Она подняла руку, останавливая его:

— Мисс Хочкис — на редкость добрая и искренняя девушка, и я не желаю слышать о ней ничего дурного.

— Как вам будет угодно.

— Если ты мне не веришь, пообщайся немного с ней. И убедишься, что я права.

Джеймс снова сел, вполне удовлетворенный.

— Пожалуй, я последую вашему совету.

* * *

Ночью ему приснилась Элизабет.

Она сидела, склонившись над чертовой алой книжонкой, распущенные белокурые волосы мерцали в лунном свете. На ней была девственно белая ночная рубашка, скрывавшая ее до самых пят, но непостижимым образом он точно знал, как она выглядит под ней, и отчаянно ее желал…

А потом она убегала от него, смеясь и оглядываясь через плечо.
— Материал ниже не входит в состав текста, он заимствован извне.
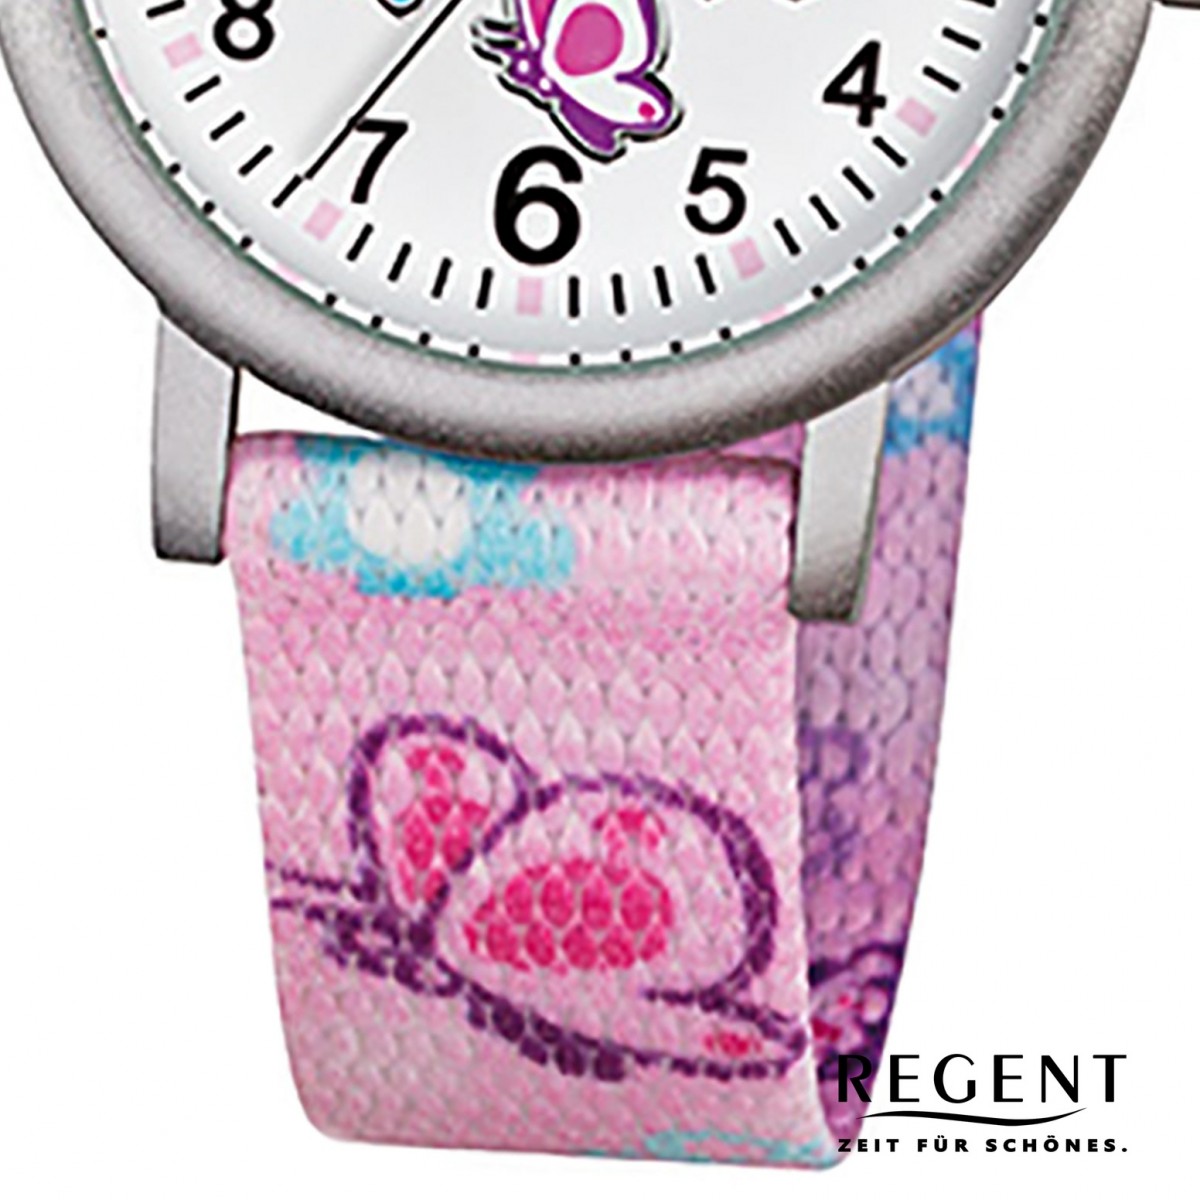 Regent Kinder-Armbanduhr - Schmetterling - Quarz Textil rosa Mädchen Uhr  URF491
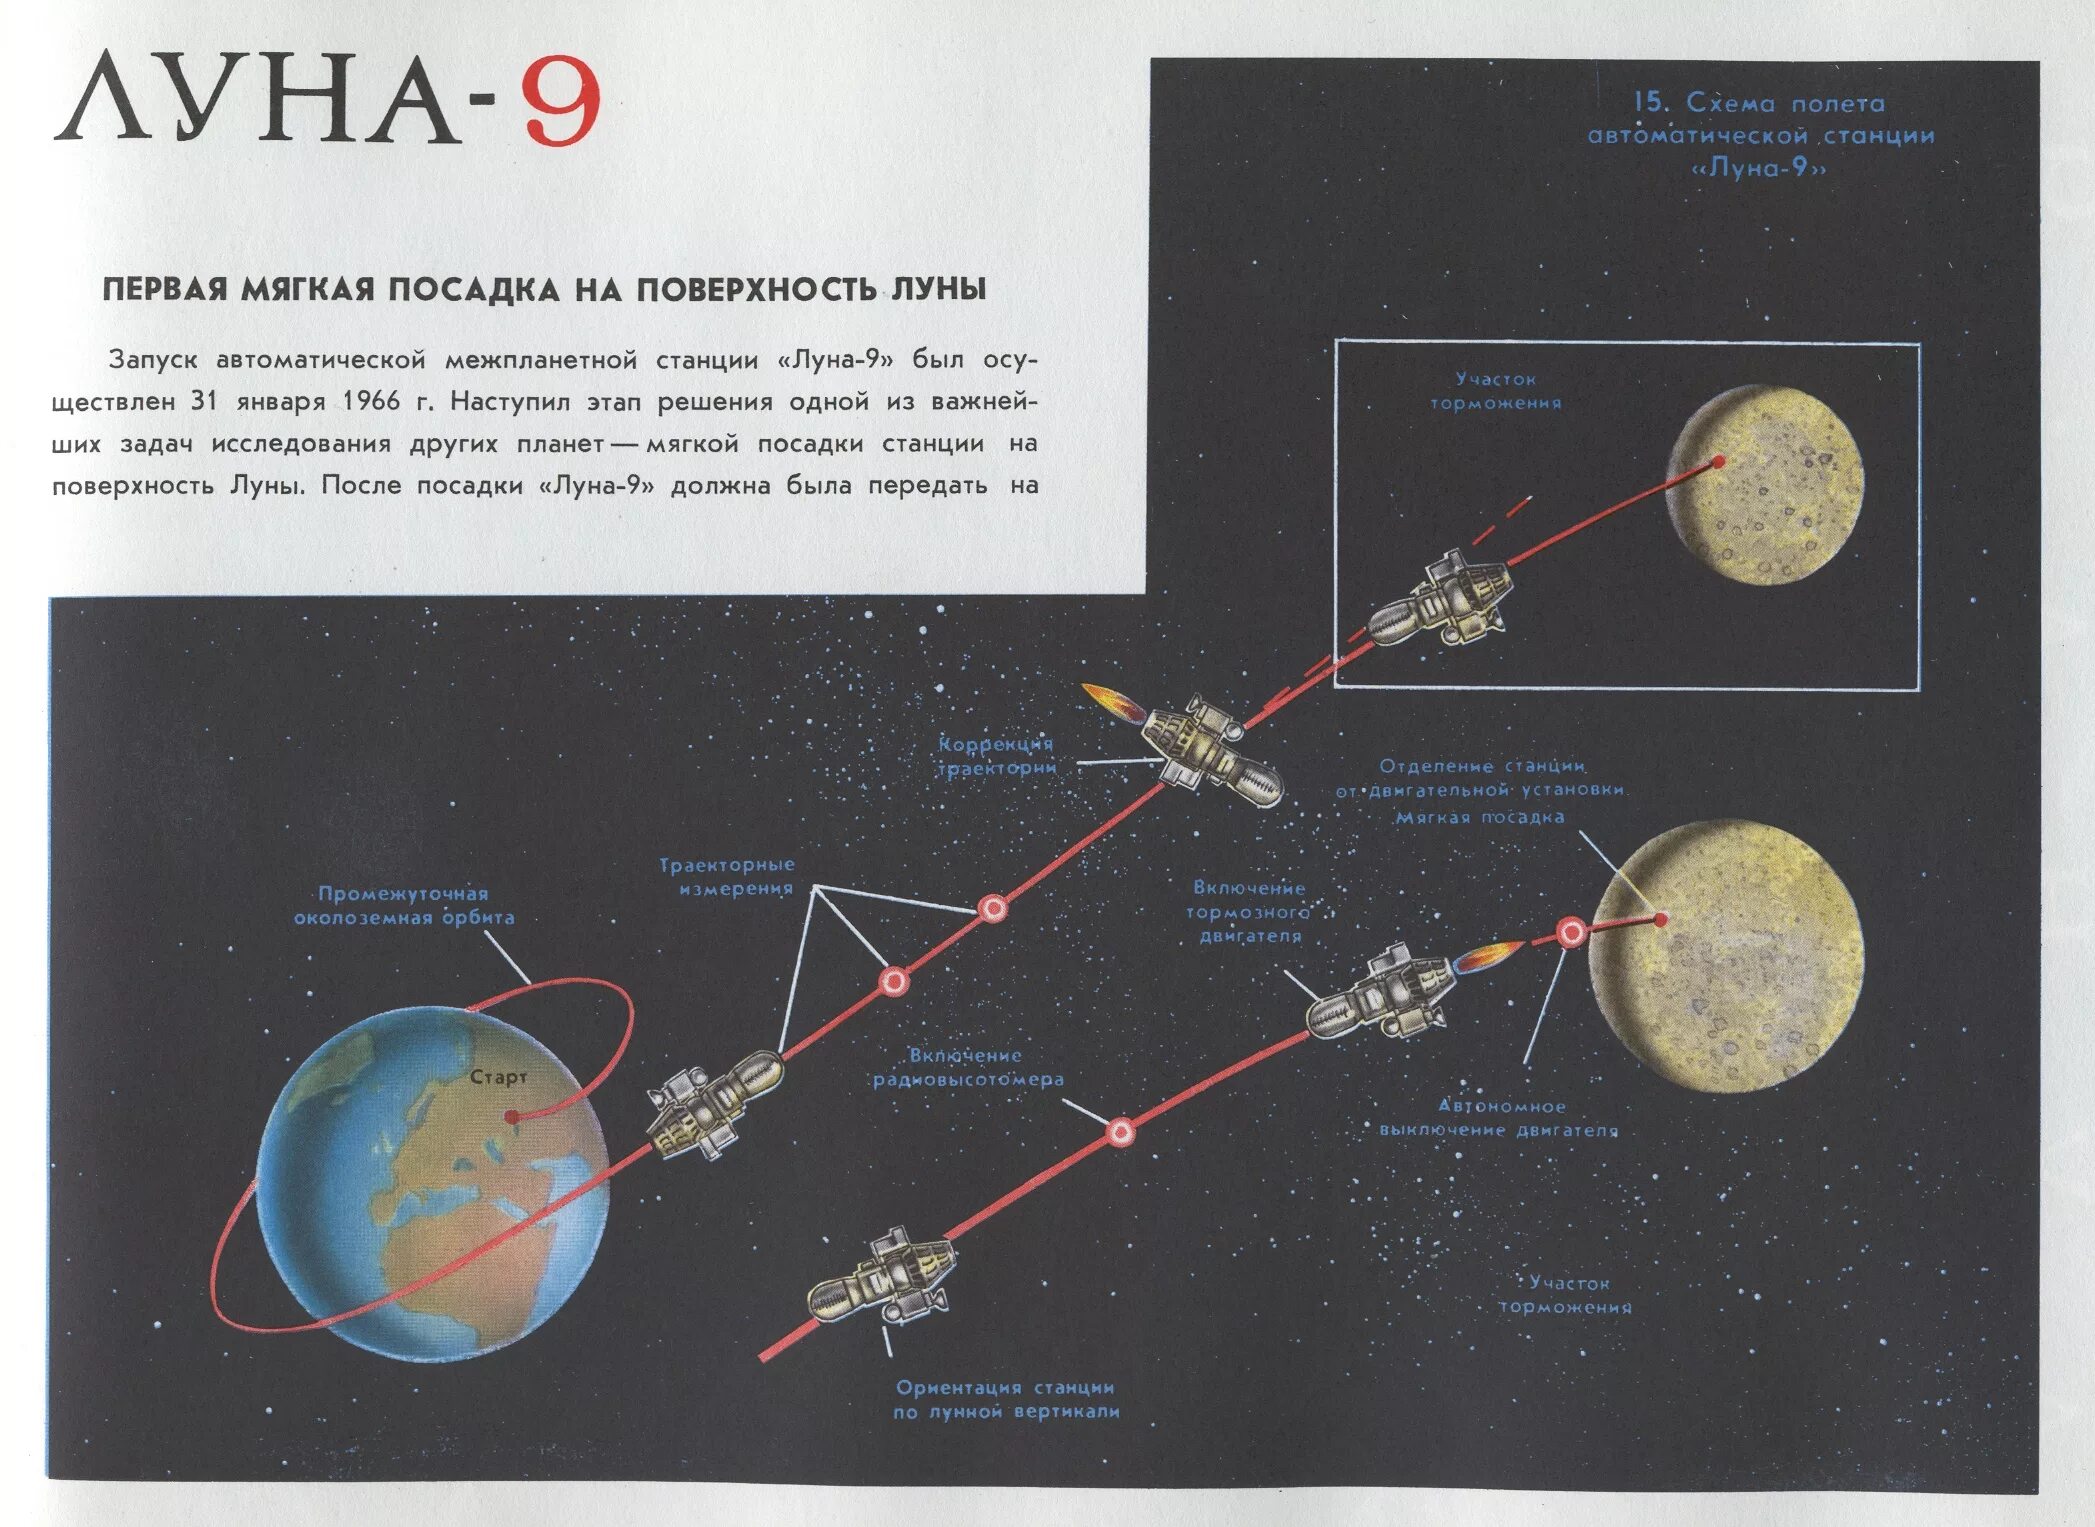 Какой аппарат совершил мягкую посадку на луну. Станция Луна 9 мягкая посадка на луну. Луна-9 схема посадки. Луна-9 автоматическая межпланетная станция. Схема посадки лунной станции СССР.

Волосы невесомым облаком развевались за ней и щекотали его лицо, когда он настигал ее. Но стоило ему протянуть руку, как она ускользала. И каждый раз, когда ему казалось, что он вот-вот разглядит название книги, золоченые буквы расплывались, и он оставался ни с чем, спотыкаясь и хватая ртом воздух.

Нечто подобное ощутил Джеймс, когда, проснувшись, подскочил на постели, залитой призрачным светом раннего утра. Голова его кружилась, он тяжело дышал, в голове не было ни одной мысли.

Только образ Элизабет Хочкис.

* * *

Когда на следующее утро Элизабет появилась в Дэнбери-Хаусе, она недовольно хмурилась. Накануне она поклялась, что даже не посмотрит на руководство миссис Ситон. Однако, вернувшись вечером домой, обнаружила злополучную книгу у себя на кровати. Ярко-красный переплет буквально бросал ей вызов, призывая открыть его.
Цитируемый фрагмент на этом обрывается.